Will L2 cache on X360's CPU be a major hurdle?

Gubbi · Jul 19, 2005

chachi said:
Gubbi said:

Except, of course, oodles of registers.

I do think, though, that function inlining and loop unrolling is a step backwards.

Click to expand...

Since memory latency is a bitch you can hoist loads and loop unrolling gives you a speed increase as well as something to do while waiting, so I don't think it'll be put to pasture just yet.

Yes, my comment was in response to ERP's comment about the fact that there is no out of order execution in upcoming console CPUs, unlike the XCPU and Gecko. So they'll need loop unrolling and inlining.

I think it's a net loss going from out-of-order to in-order in performance, but also in logic.
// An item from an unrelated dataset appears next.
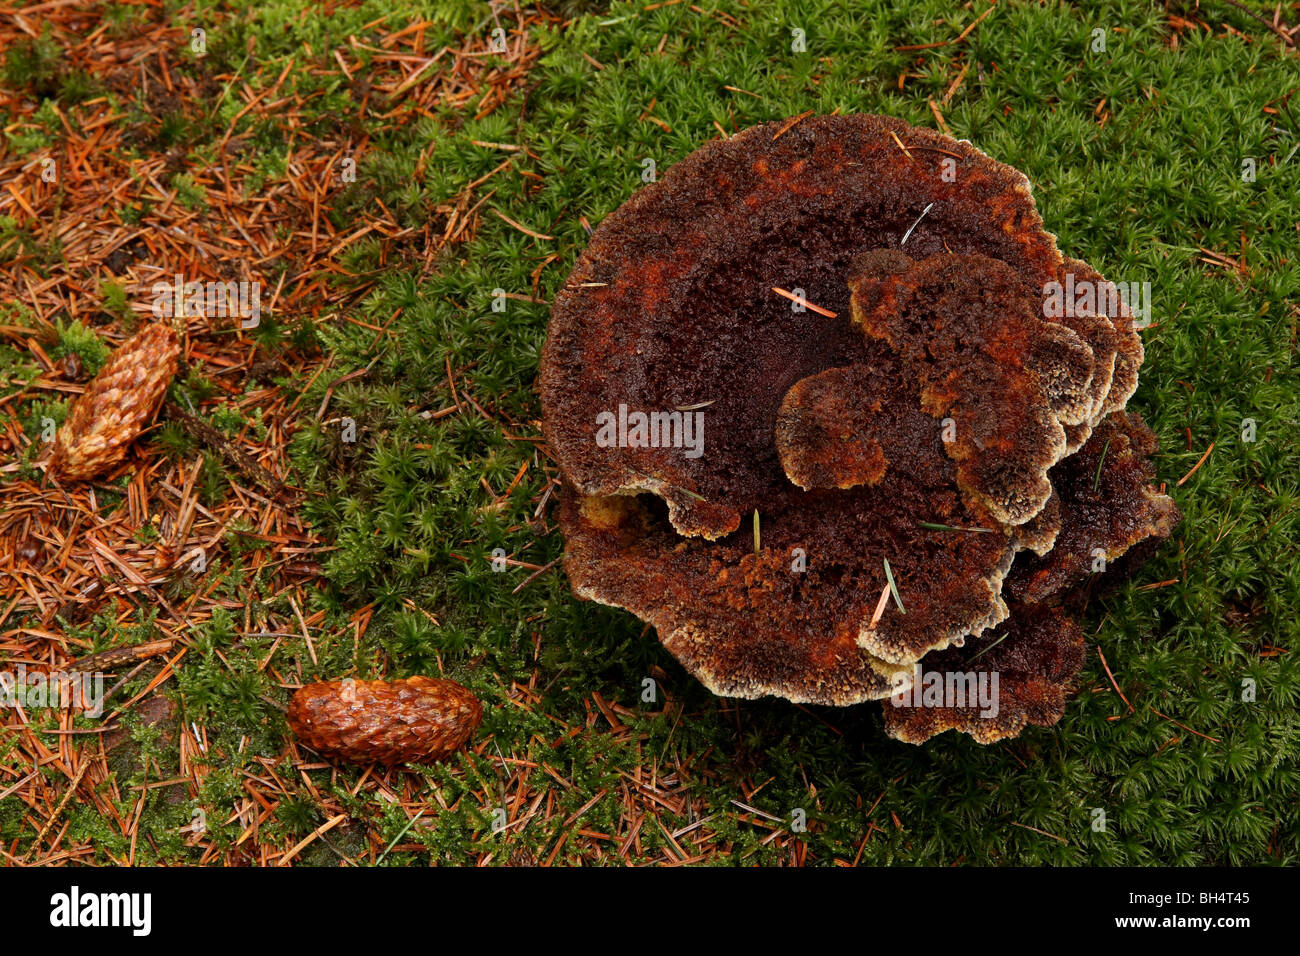 Große Phaeolus Schweinitzii Pilze wachsen auf Moos in einem Pinienwald. Stockfoto

We've been over this a thousand times already though, so I'll stop.

Cheers
Gubbi

Fafalada · Jul 19, 2005

Gubbi said:
I think it's a net loss going from out-of-order to in-order in performance, but also in logic.

Frankly I'd quite like to have OOOE on PPE also(and I do think it should be possible being a single core on Cell and all) - but IMO this is a wrong premise to look at things from.
Consoles are inherently in-order, they have been so for roughly 20years - there's no "switch from OOOE" happening, because the switch to OOOE never really happened in the first place.
We've had a grand total of two CPUs with it, and while they WERE faster then competing CPUs, that had a lot more to do with having 10-20x larger caches and 2-3times higher clockspeeds then their nearest competitor, rather then presence of OOOE.
People with any sort of real experience on consoles are very familiar with in-order issues, it's not like this is some kind of direction change for them.

Anyway, I suspect there's a decent chance that Revolution will have an OOOE PPC core(or cores), along with lower clock-speed, so that may well give us a clearer picture as to whether Sony and MS made a sensible decision or not.

chachi · Jul 19, 2005

Gubbi said:
[Yes, my comment was in response to ERP's comment about the fact that there is no out of order execution in upcoming console CPUs, unlike the XCPU and Gecko. So they'll need loop unrolling and inlining.

I think it's a net loss going from out-of-order to in-order in performance, but also in logic. We've been over this a thousand times already though, so I'll stop.

Ah, that makes sense. I thought you meant more in terms of not wanting to bloat code size and overloading the cache.

I'd agree with the second part if these were anything but console processors but since they're a closed system with code written specifically for them it's not as big of a deal. It'll take some getting used to but it's not like you're going to just throw generic spaghetti code at them and hope for the best. The one thing that would be bad is if this level of optimization hurt cross-platform code, but it also usually improves performance on processors with OOOE, it's just that it's easier to bump the minimum system req.

.

3dcgi · Jul 19, 2005

Guden Oden said:
Caches are divided up into what is known as cache lines, each line equipped with a "tag" which tells the cache controller logic which sequence of addresses in memory is stored in that particular cache line. When a read request comes in, the cache controller reads through its tags to see if that address is stored or not and acts accordingly. If it is, the data is delivered straight to the CPU. If it isn't, a request for it is generated and then the CPU has to wait for it to come in.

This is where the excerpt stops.